Most of the refugees have been stuck in ramshackle camps in southeastern Bangladesh since fleeing a 2017 crackdown by the Myanmar military that is now subject to a United Nations genocide investigation.
Several previous repatriation attempts have failed but Bangladesh and Myanmar are looking to return around 1,100 people to the violence-racked state of Rakhine in the coming weeks.
Twenty Rohingya visited two resettlement camps this month in Rakhine, where the Myanmar junta plans to house them in what experts say is land that for generations belonged to the Rohingyas before being confiscated.
The team of 14 Myanmar officials, all in civilian clothes, arrived by boat in the Bangladeshi border town of Teknaf on Thursday morning, went to the camps, and talked to around 200 people.
But Mohammad Selim, one of the Rohingya who met the Myanmar delegation, told AFP by phone that their demands were being ignored.
“We said that we have to return to our own ancestral house… We told them they should give us citizenship. But they said they will give us NVC (national verification card), which is not citizenship,” Selim said.
“They repeatedly said so. There is no way we can trust them.”
“We have no permanent representative in this repatriation process,” Khin Maung, a prominent Rohingya leader, told AFP before the meeting.
“This repatriation process is just an eyewash. If they didn’t ensure our dignity, there is no point returning to IDPs (internally displaced people),” he said.
One Rohingya who is meant to be repatriated in the pilot project told AFP on condition of anonymity that they did not want to go back and live in Myanmar “as non-citizens and stay in IDP camps”.
“Our place should be given back to us, our right to live like other ethnic groups should be legally guaranteed. Otherwise, we cannot believe the mass murderers,” they said.

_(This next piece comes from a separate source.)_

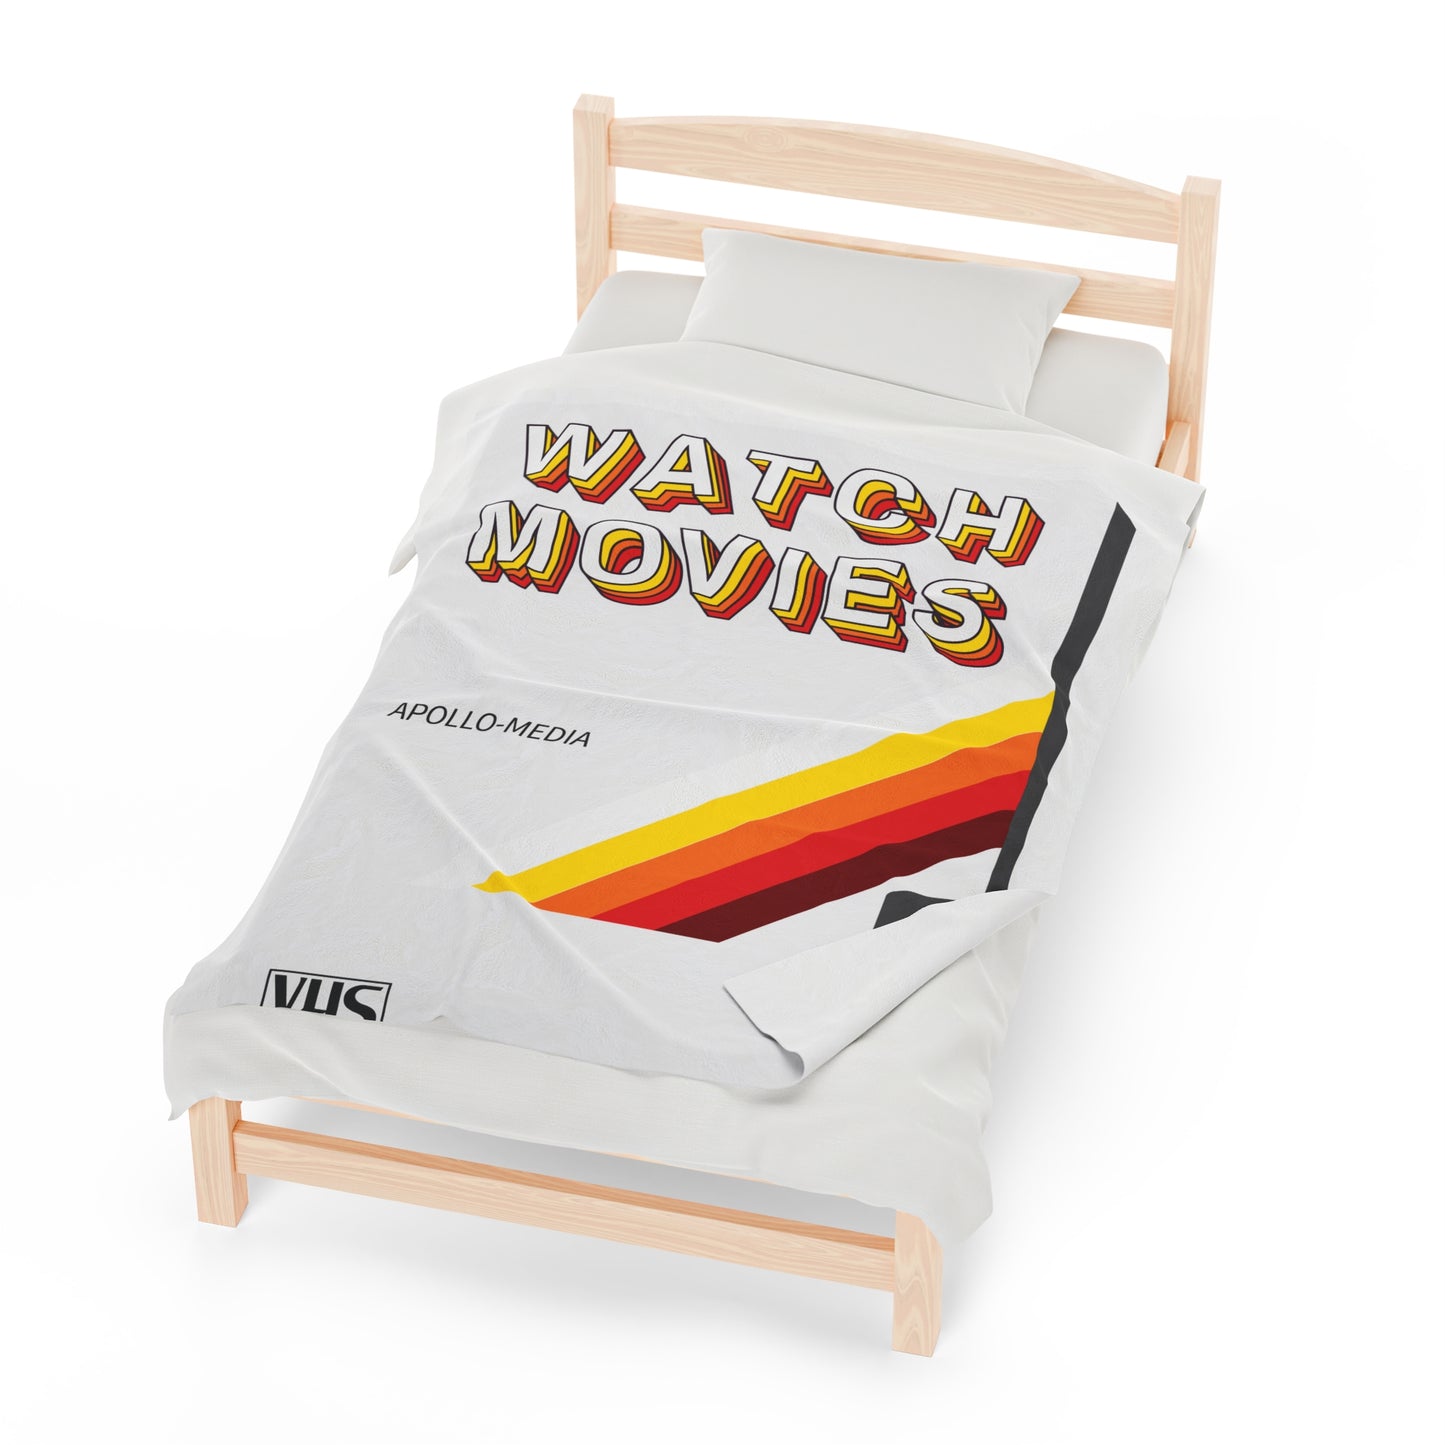 Apollo Watch Movies VHS Velveteen Plush Blanket

Mainul Kabir, head of the Rohingya wing in Bangladesh’s foreign ministry, told reporters Thursday that repatriation was “the only way to solve the Rohingya issue”.
He said the Myanmar delegation “assured that the confusions that are being created will be resolved gradually”.
Last week, Human Rights Watch criticized the repatriation plan, saying it posed “grave risks” to the Rohingya.
“Bangladesh is frustrated with its burden as host, but sending refugees back to the control of a ruthless Myanmar junta will just be setting the stage for the next devastating exodus,” the group said in a statement.